### Problem
For the records below, copy exactly the span that begins at the line containing "Buy Party Supplies" and stops after the line containing "Load image into", minus any pictures.

### Data to process
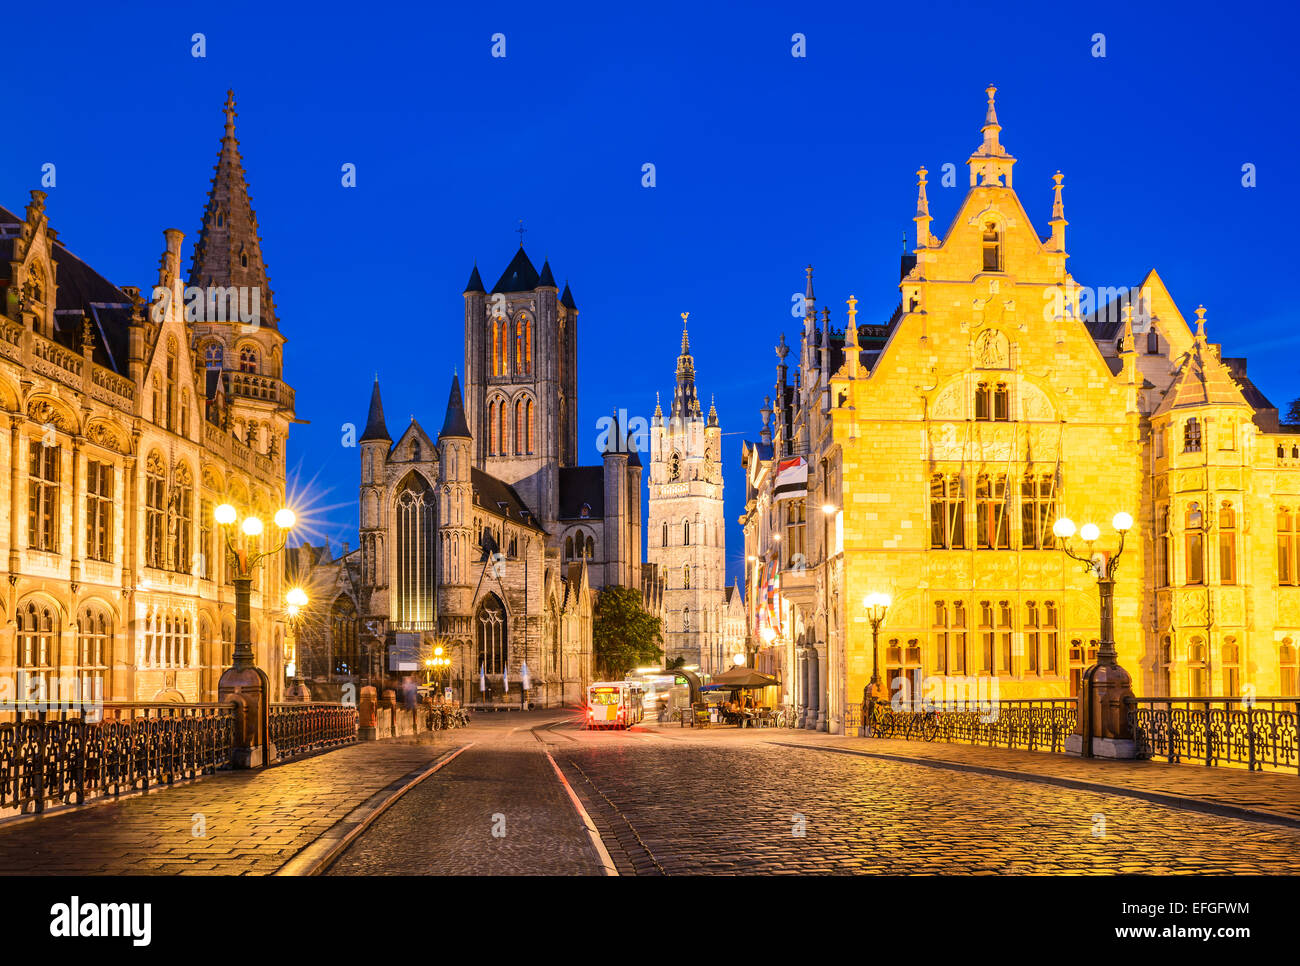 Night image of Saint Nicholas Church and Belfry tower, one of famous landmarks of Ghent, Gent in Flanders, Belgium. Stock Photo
==
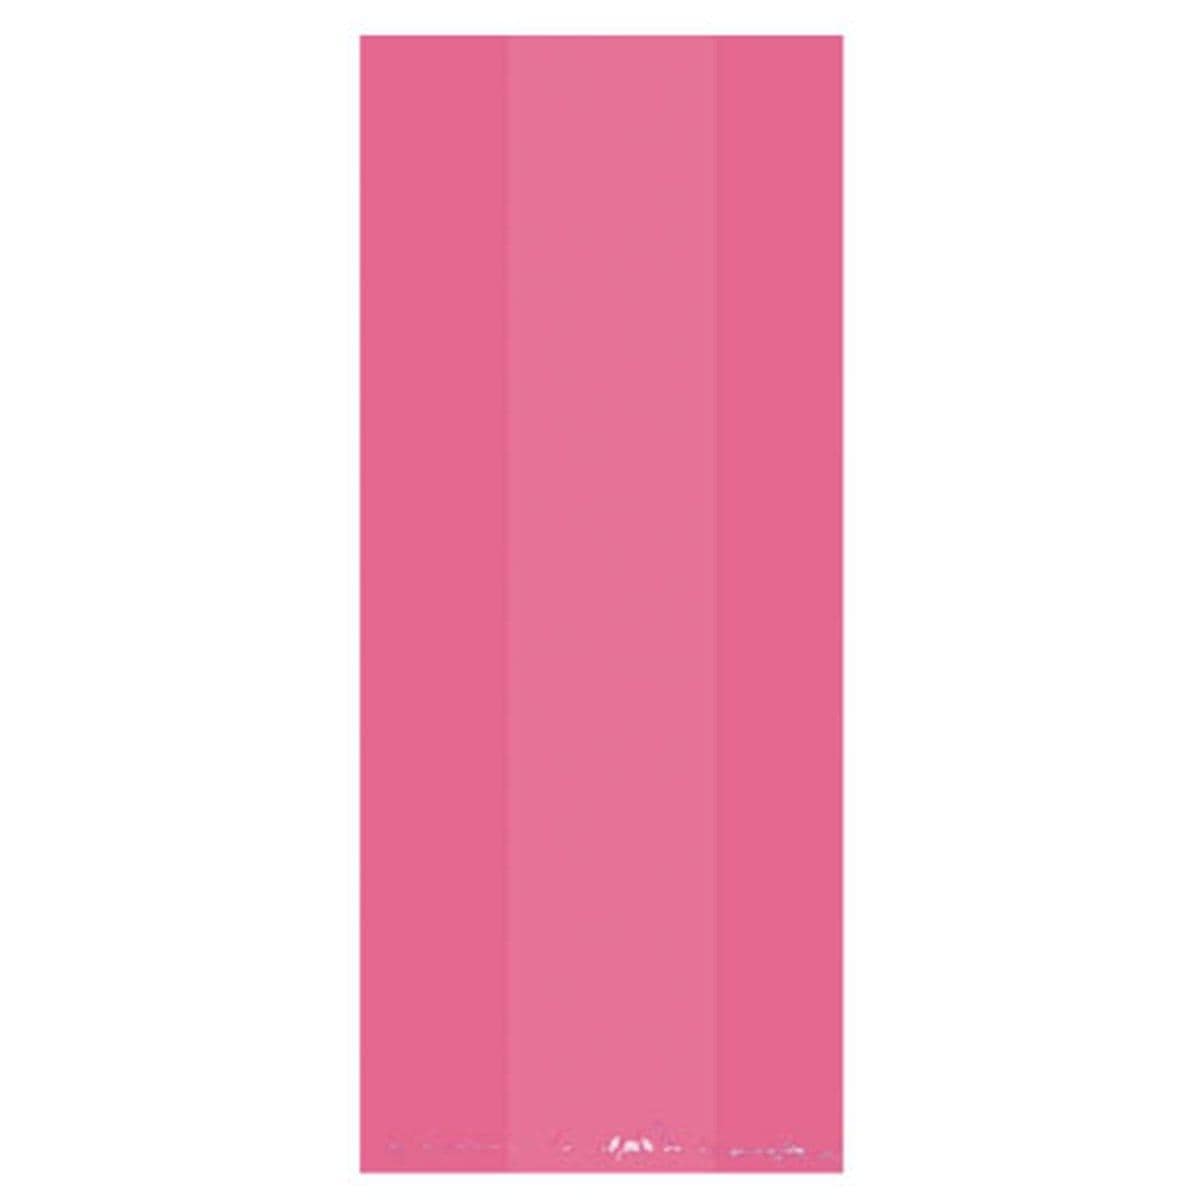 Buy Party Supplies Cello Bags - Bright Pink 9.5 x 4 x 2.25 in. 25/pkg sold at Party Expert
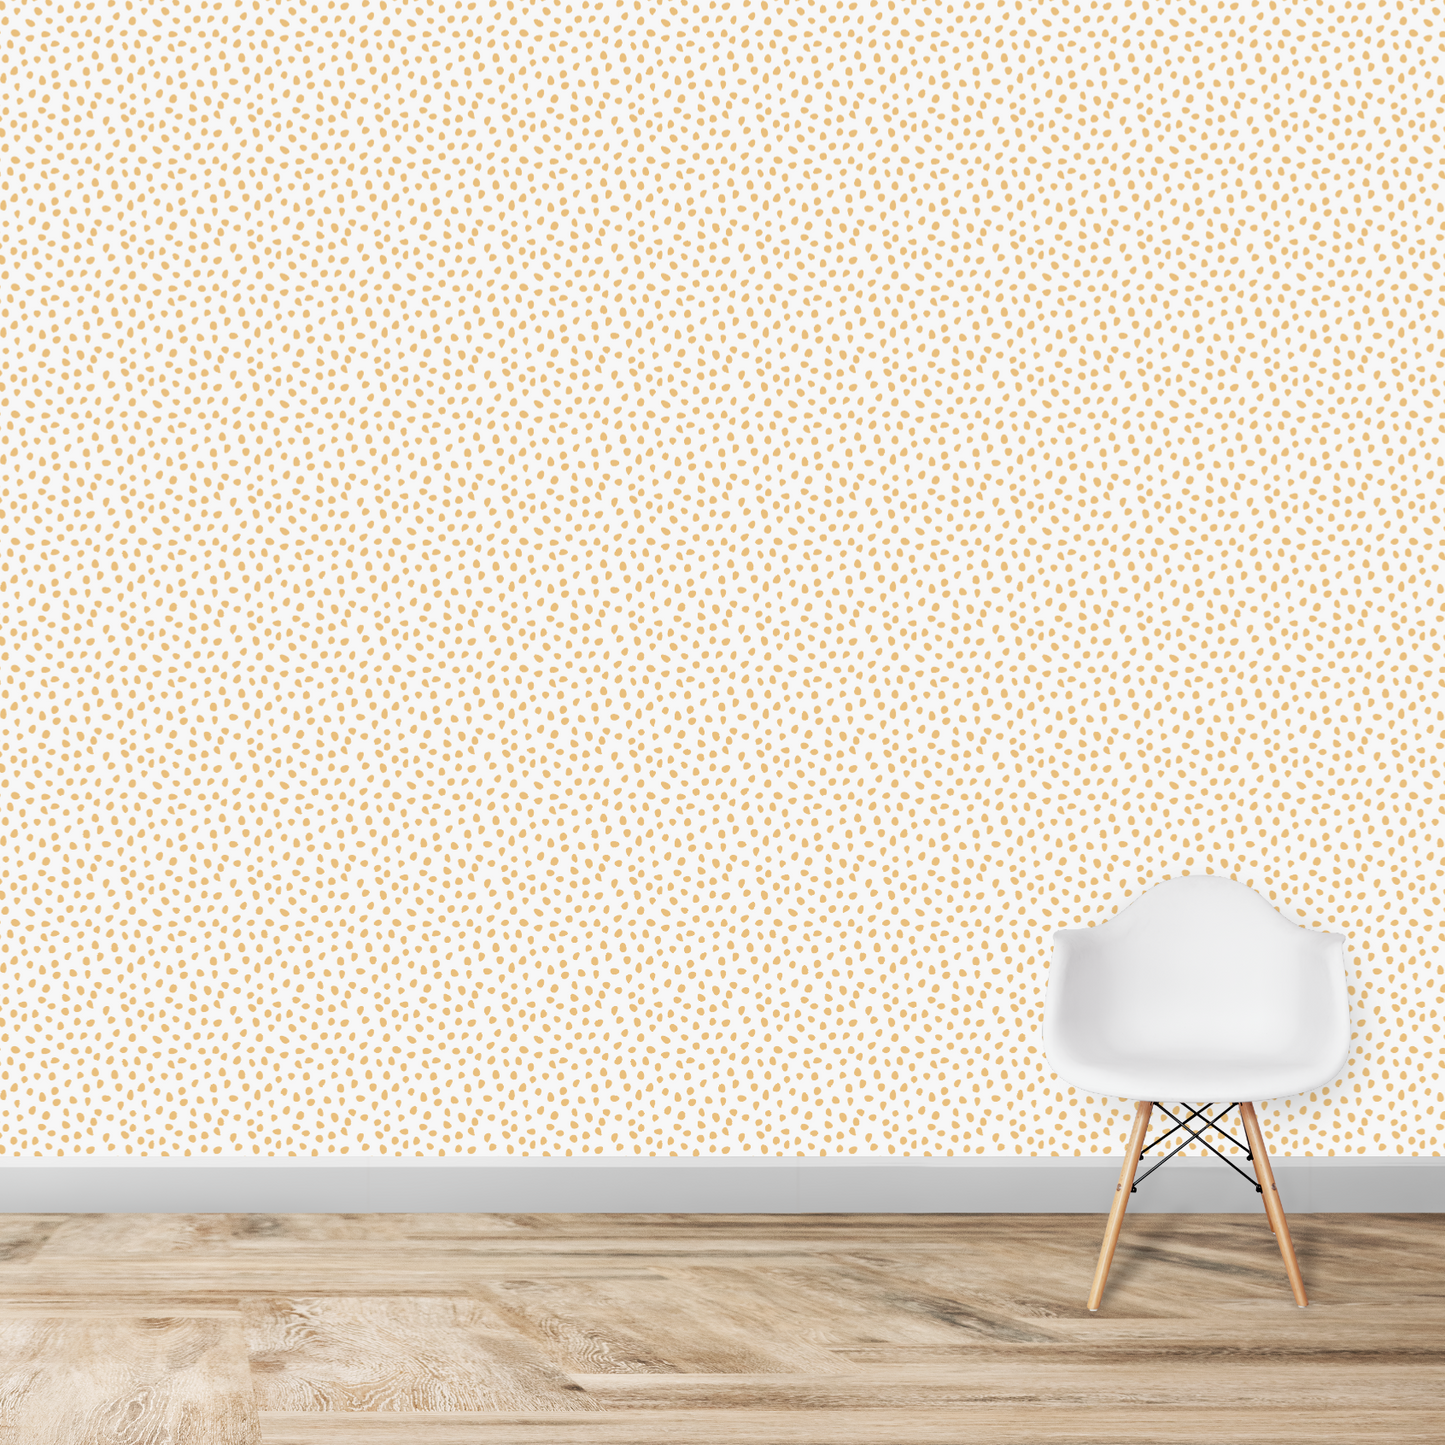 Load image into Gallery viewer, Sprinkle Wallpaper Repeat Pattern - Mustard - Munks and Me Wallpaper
--
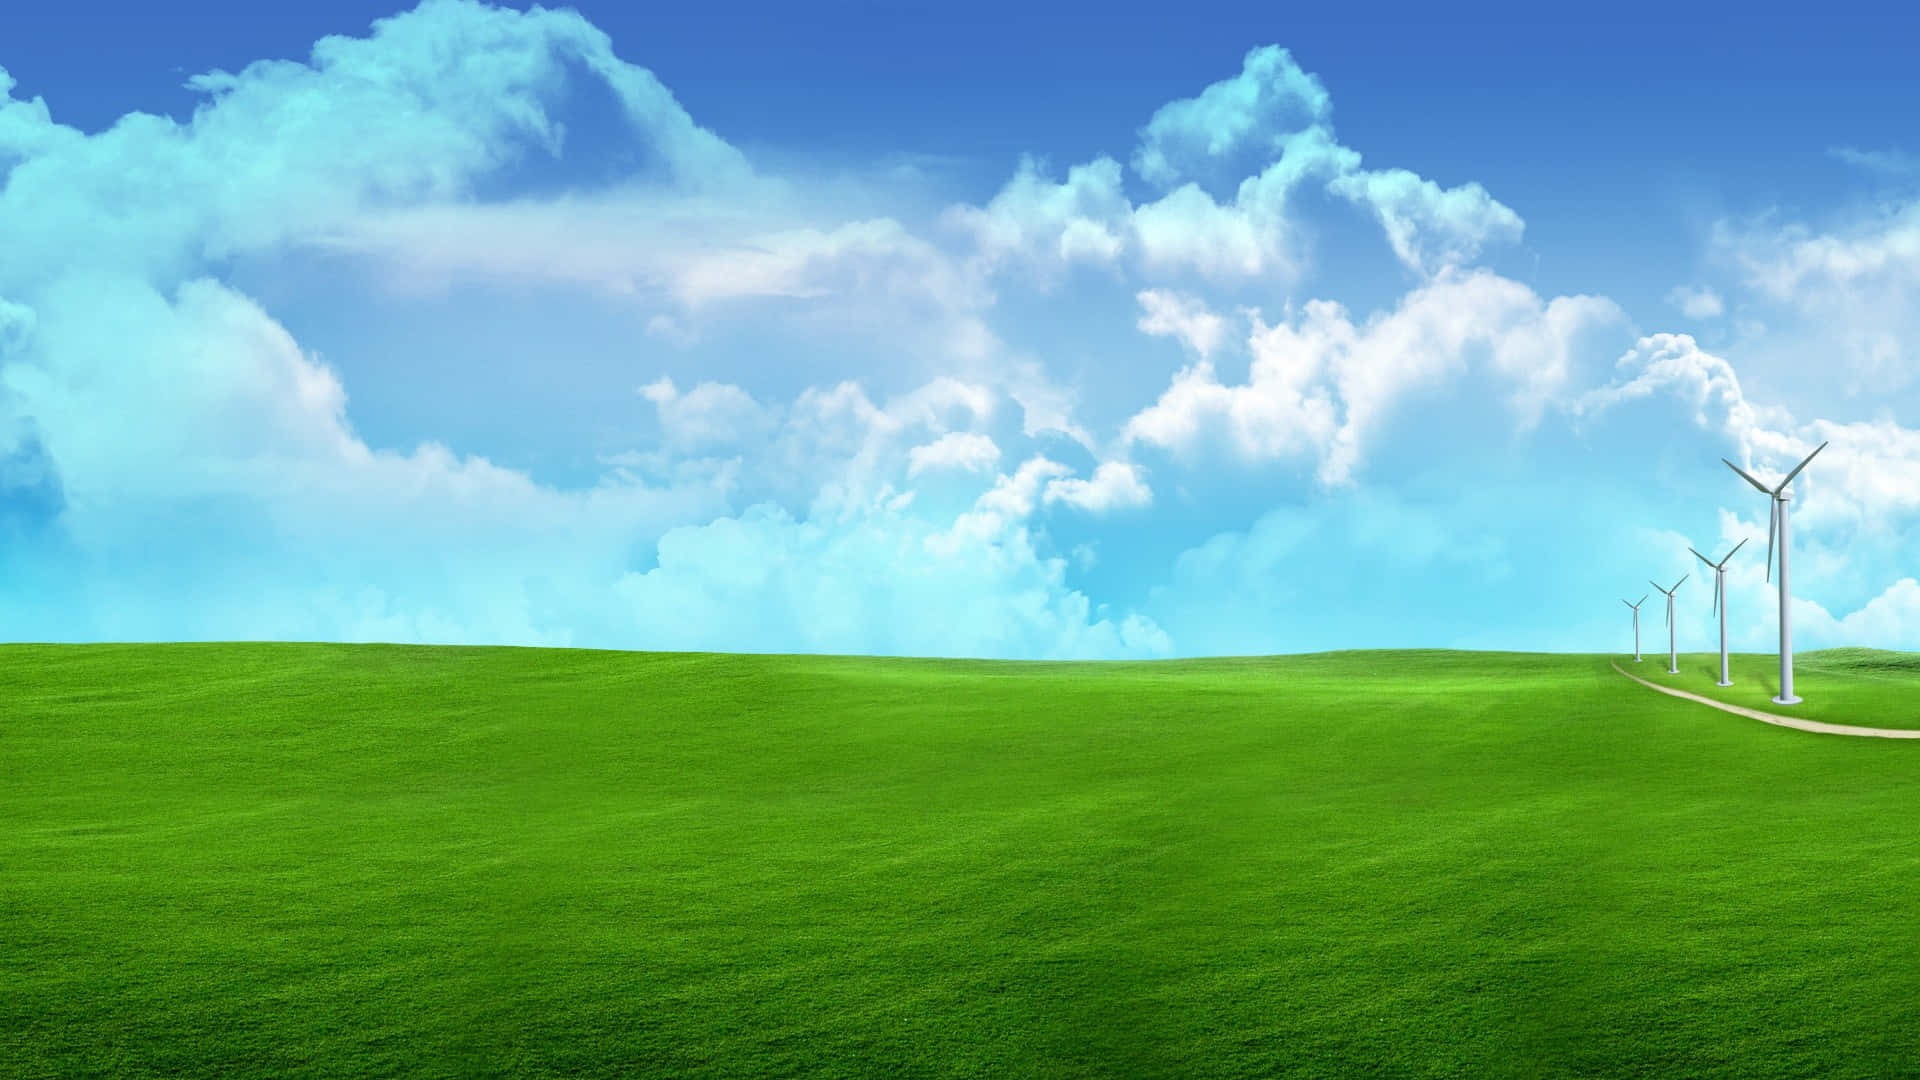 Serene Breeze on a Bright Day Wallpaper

### Answer area
 Buy Party Supplies Cello Bags - Bright Pink 9.5 x 4 x 2.25 in. 25/pkg sold at Party Expert
 Load image into Gallery viewer, Sprinkle Wallpaper Repeat Pattern - Mustard - Munks and Me Wallpaper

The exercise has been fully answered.